Identify problems in the IT field for a probability or statistical study. Design a study, collect data and analyse and interpret results. Summarise conclusions critically.
  • Theory: Propose and provide guidance for the probability and/or statistics studies performed by students. Monitor studies and encourage synthetic and critical evaluations.
  • Problems: Guidance and monitoring of probability and/or statistics studies. Guidance and monitoring regarding practical probability and statistics components.
  • Autonomous learning: Research computer situations where a probability or statistical study is necessary. Study design, data collection, results analysis and interpretation.
Objectives: 16 17 15
Contents:
Theory
6h
Problems
6h
Laboratory
0h
Guided learning
0h
Autonomous learning
12h

Mid-semester exam 2

Mid-semester exam consisting of problems corresponding to topics 4 to 6 (learning objectives 9 to 17).
Objectives: 8 9 10 11 17 12 13 14 15
Week: 14 (Outside class hours)
Type: theory exam
Theory
0h
Problems
0h
Laboratory
0h
Guided learning
2h
Autonomous learning
6h

Final Exam

Covers all the topics.

Week: 15 (Outside class hours)
Type: final exam
Theory
0h
Problems
0h
Laboratory
0h
Guided learning
2h
Autonomous learning
0h

Teaching methodology

The subject is based on the active learning of the student, guided and guided by the teacher with the help of e-status (interactive platform that, with data individualized by the exercises, allows to evaluate and learn thanks to a feedback immediate).

The teaching scheme of the 4 specific blocks consists of the repetition of cycles based on: exposition of theoretical concepts, numerical resolution of exercises, support for exercises with R (using laptops in the classroom, or in the laboratory), follow-up tests by of the teacher, and autonomous practice of exercises.

The application block develops the transversal competence with the application in group to a specific case contributed by the students, analyzed with R, under the direction of the teacher.

Evaluation methodology

The qualification of the subject is obtained by means of the continuous evaluation (AC) during the 15 weeks of class or with the final exam (EF).

PE is divided into 5 topics or blocks: 4 specific (A, B, C, D) and one cross-disciplinary applications topic of statistical application (T).

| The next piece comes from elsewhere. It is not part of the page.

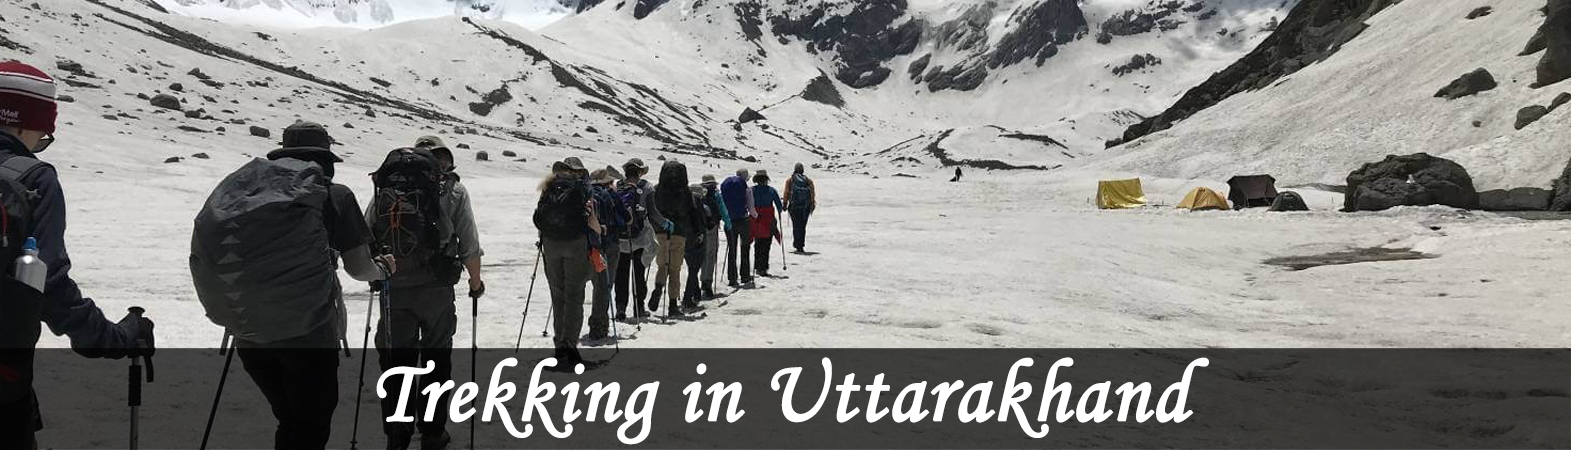 trekking in uttarakhand, uttarakhand Trekking, trekking tour in uttarakhand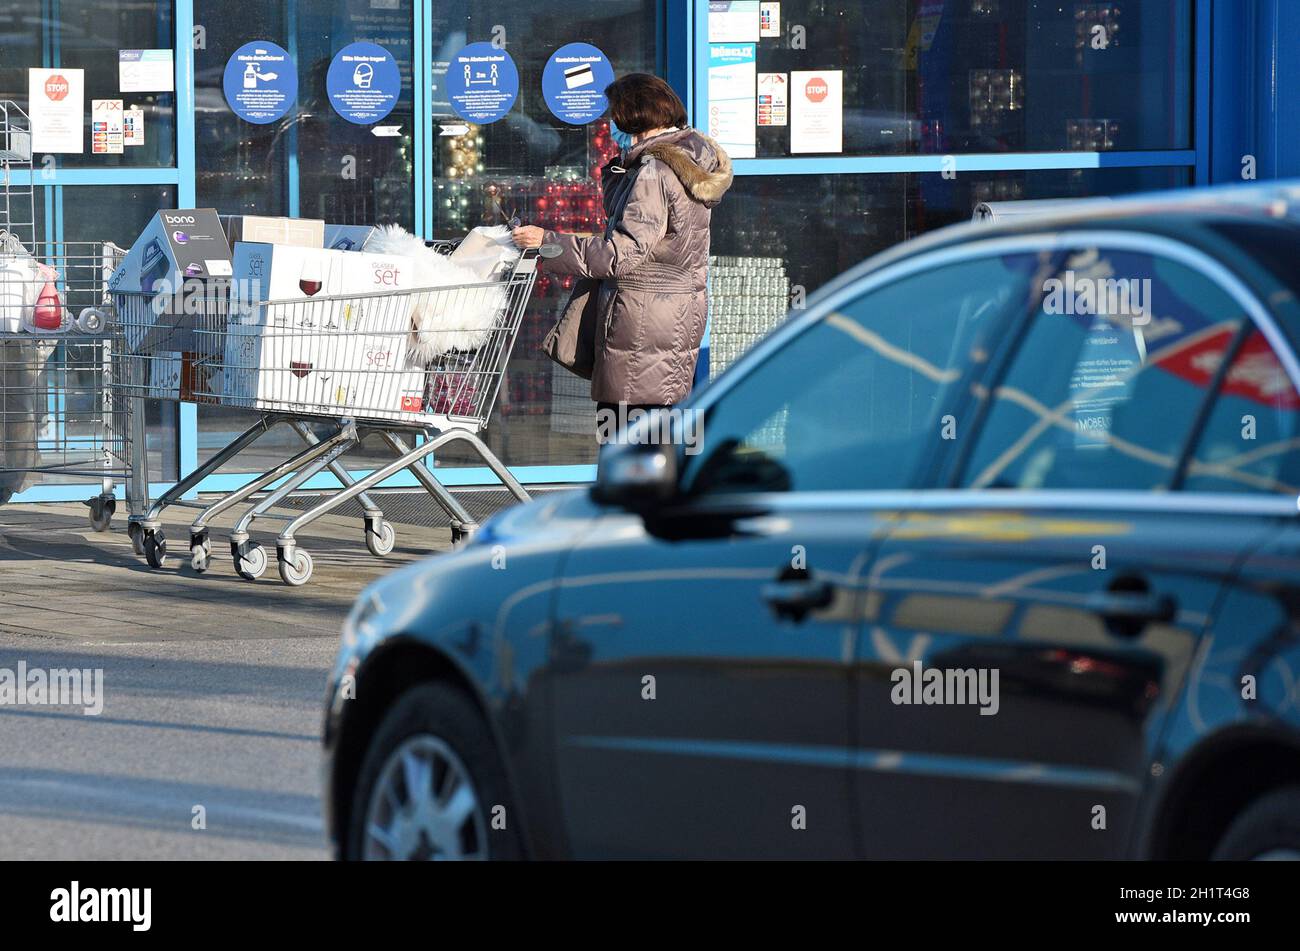 Ansturm auf Einkaufszentren nach dem Lockdown in Österreich, Europa - Rush to shopping malls after the lockdown in Austria, Europe Stock Photo

Each block results in a Block Note (NB.i, i = A,B,C,D,T). The following formula is applied in the AC:
AC = [NB.A + NB.B + NB.C + NB.D + NB.T] / 5

If AC> = 5, the student can be released from the final exam.

Please note that the EF may consider the grade for the transversal competence:
EF = max {ef, (4 ef + NB.T) / 5}
where "ef" is the actual grade for the final exam.

The course grade of the subject PE is max(AC, EF).

The qualification of the transversal competence is:
A and NB.T> = 8.5; B for 6.5 <= NB.T <8.5; C for 5 <= NB.T <6.5; and D and NB.T <5

Calculating NB.i grades:
- the first 4 have an assessment based on a Block Problem (PB.i, i = A,B,C,D) in a mid-term exam out of class hours. Usually there are 2 tests that give rise to the grades for the 4 blocks.

In addition, a Block Monitoring factor (SB.i, i = A,B,C,D) is obtained for each of the four theoretical blocks, based on 3 tests: 2 written tests done in the classroom, and a mark for problems solved outside the classroom. The SB.i factor increases the grade for the corresponding Block Problem (PB.i) to obtain the Block Grade according to:
NB.i = min (10, PB.i * SB.i) for i = A,B,C,D
(SB.i factor is 1 + Sum pj, where pj is a number between 0 and 0.05, coming from the different block monitoring tests; the exact number of tests may be less than 3 if there are unforeseen changes to the school calendar, with consequent loss of classes).

- The T-Block grade (NB.T) is calculated on the basis of two reports and a final presentation.

Bibliography

Basic:

Complementary:

Web links

Previous capacities

Students need to be sufficiently knowledgeable about algebra and mathematical analysis to be able to assimilate concepts related to the algebra of sets, numerical series, functions of real variables of one or more dimensions, differentiation and integration. They should also be able to understand technical English.